Kalif débute au sein du groupe Black Marché au creux des années 2000. Avec son collègue Dur de Tête, il s’installe sur la scène locale composée alors de Puissance nord, Carré rouge ou Psy 4 de la rime. Malgré la chute du marché du disque et le faible rayonnement de Marseille sur la scène rap ces années-là, Black Marché trouve un certain écho dans les quartiers Nord. Les auditeurs s’identifient à Kalif et à sa manière crue et sans détours de raconter la triste réalité. C’est le son « Compte à rebours » qui va particulièrement marquer les esprits.

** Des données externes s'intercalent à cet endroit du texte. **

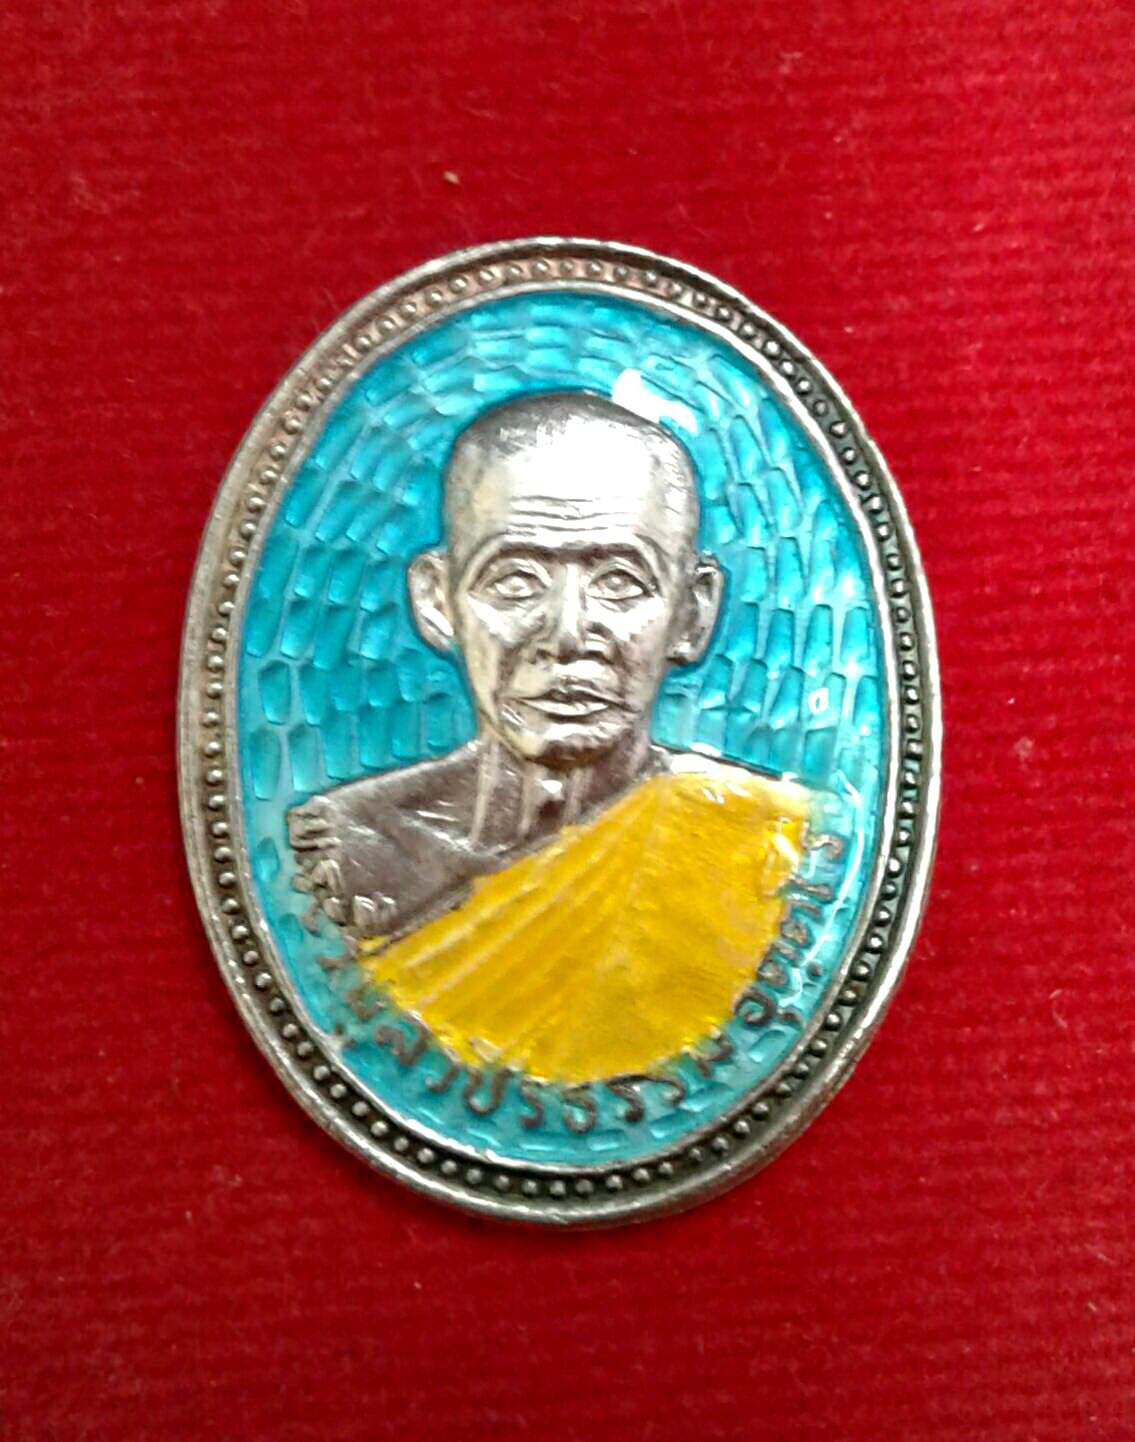 เหรียญหลวงพ่อสว่าง พระวิบูลวชิรธรรม อุตฺตโร (สว่าง) ที่ระลึกในงานครบรอบ 18 ปี วัดคฤหบดีสงฆ์ (วัดท่าพุทรา)

Sur quelques notes de piano et un beat classique pour l’époque, Kalif déboule avec sa petite bedaine et sa célèbre punchline « La mouille sur la selle du R1 » et évoque un quotidien fait de vitesse et de violence. Dans son couplet et son refrain où des petites trompettes s’invitent à la fête, il décrit sa cité, là où « la couche d’ozone est trouée », où le seul échappatoire semble être le deal et les rodéos en deux roues. Dans le clip, des images street cohabitent avec une histoire de mafia qui aboutit dans une course poursuite digne des Yamakasi. En dehors de son accent chantant, le groupe ne se démarque pas tellement des productions franciliennes de l’époque mais le complet rouge Ferrari F1 qu’arbore Kalif présage l’accélération du BPM du futur rap phocéen au rythme « des transac’ Marseille – Amsterdam » !

« Sarko Lanta » (2008)

Une autre thématique abordée en pointillé par Black Marché est la politique et particulièrement leur détestation pour Nicolas Sarkozy. Au moment où Sarkozy devient président, on sent chez le tandem que l’histoire du Kärcher leur est resté en travers de la gorge. Ce sujet revient à plusieurs reprises sur leurs albums et particulièrement dans la mixtape de 2008, Fais 13 attention, où le flocage du maillot de l’OM sur la pochette ne laisse aucun doute sur la provenance du duo. Le titre de la quatrième piste, « Sarko Lanta », joue sur l’analogie entre la jungle des quartiers et l’émission phare de TF1. Sur son couplet, Kalif s’applique sur le fond et la forme. Avec son discours engagé, il critique l’État qui délaisse les cités ainsi que le racisme des Français et la corruption des élus. Sa première phase marque d’entrée de jeu : « J’viens des quartiers où Nicolas gêne/Où c’est la jungle/ Où si tu balances t’auras besoin d’un gros lifting au collagène ». Dans son refrain, un peu schizophrène, il met en garde la République et appelle en même temps à user de son droit de vote pour prendre le pouvoir. Ce positionnement, assez rare pour être souligné, rejoint les propos de son collègue Dur 2 tête qui invite souvent à voter à gauche face à ce virage répressif de l’UMP.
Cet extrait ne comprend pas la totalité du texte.